Having fun with UNIX commands

Like all good programmers, I usually spend more time figuring out ways to save me time than it would actually take to do the task. It must be a programming thing; building tools to build tools and loathing menial tasks. Maybe it's some kind of programmer's syndrome? Anyway, I digress.

One of the things I love about UNIX (and UNIX based systems, so, Mac OS X) is that it's full of ways to speed up your processes. Take a simple example. I wanted to move a load of directories in Mercurial into a sub-directory. Now, I could do this manually:

$ hg mv README.txt third_party/blog/README.txt
$ hg mv LICENSE.txt third_party/blog/LICENSE.txt
$ hg mv libraries/ third_party/blog/libraries/
...

But that would be very boring, wouldn't it? Plus, how plebian it would be! I'm a programmer, there's no WAY I'm doing it manually. So, what's the quickest way to get that done? Let's think about what we actually want to achieve, and try to map this to commands. 

  1. Get a list of the files in the directory
  2. Remove all the files we do not wish to move - as well as the file we're copying everything into, so, third_party/blog - from that list.
  3. Stop tracking them in the current directory
  4. Copy them to the new directory
  5. Add them again

We can actually pretty easily map each of these desires into UNIX shell commands:

  1. ls
  2. grep
  3. hg forget
  4. cp
  5. hg add

If any of these commands are unfamiliar, they essentially do what they say on the tin, with the exception of grep, which I'll explain in a second. We'll have to pipe these into each other in order to make it a swell, one-step process. Here's my first attempt:

$ ls | grep !^third_ | hg forget | cp . third_party/blog | hg add .

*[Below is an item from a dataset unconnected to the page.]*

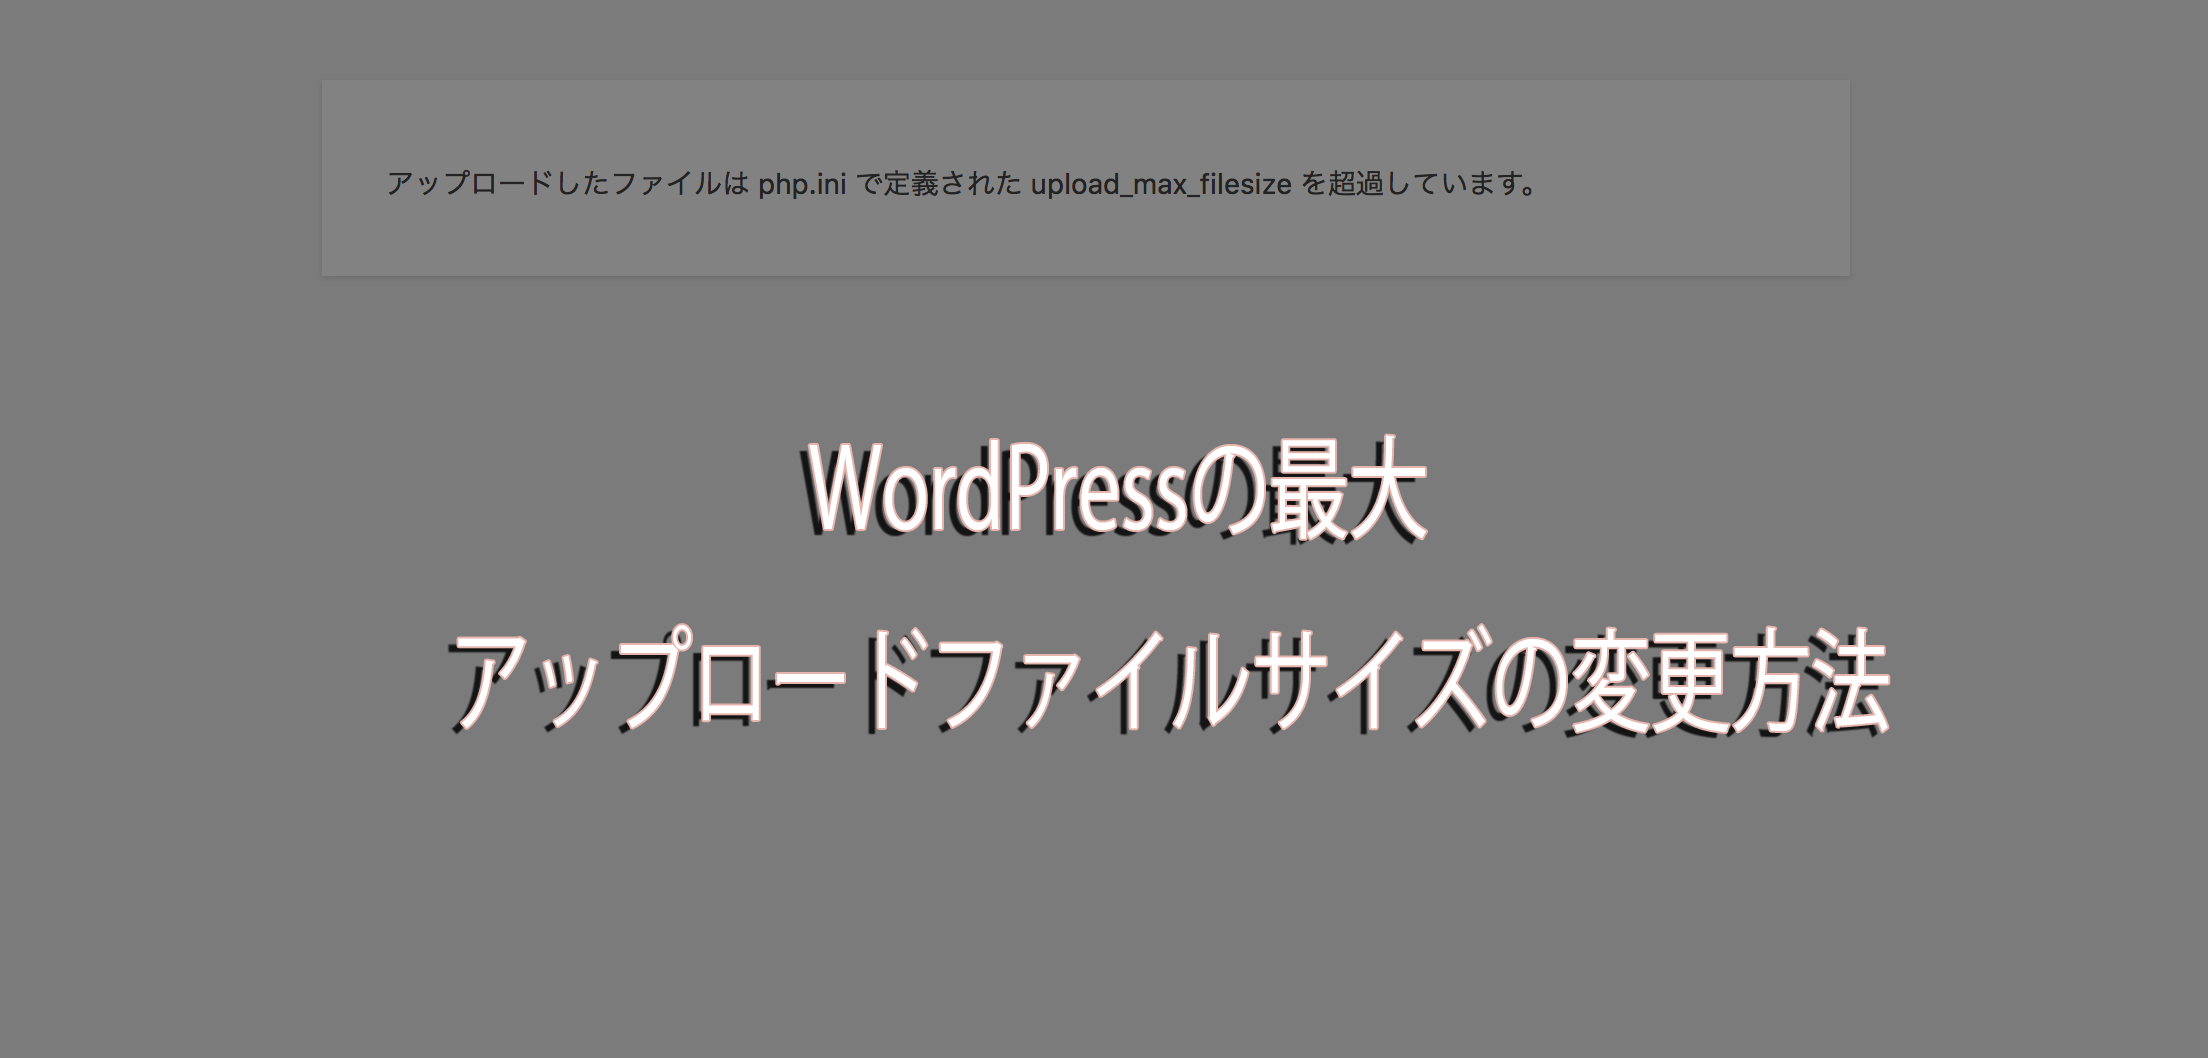 Wordpress 最大アップロードファイルサイズの変更方法 Miacat ミーアキャット

Which, of course, was very naïve indeed. For starters, bash reads the exclamation point as an event designator, so it looks for a command to execute that has been previously executed in the shell's history beginning with the designated string. So grep !^third_ is invalid.

Additionally, I'm piping the output here from one to another. ls to grep is fine, but when we get to hg forget, we can see additional stuff that the command pushes into the command. cp will trip out when it sees this as it will be looking for files that don't exist. Additionally, the command syntax of cp is hard to bypass. We'd need to recursively loop through the output from hg forget, remove the cruft and pipe it into cp correctly. That's just a pain.

Okay, so, let's look at alternative solutions. There's a hg mv command that can solve a lot of our problems - it essentially combines steps 3-5 into one command. We like that. But before we fix that, let's take a look at the grep syntax and see what we can do about that.

grep takes an input and a regular expression, and allows you to search through a string using the regex. We want a regex that can be used in the command line. Since the universal "NOT" operator is the exclamation point, and we can't use that for aforementioned reasons, we'll have to figure something else out. Luckily for us, grep supports a particularly useful flag, -v, which returns everything that DOESN'T match the pattern. It basically whacks a bloody great exclamation point on the regex for us. Sweet.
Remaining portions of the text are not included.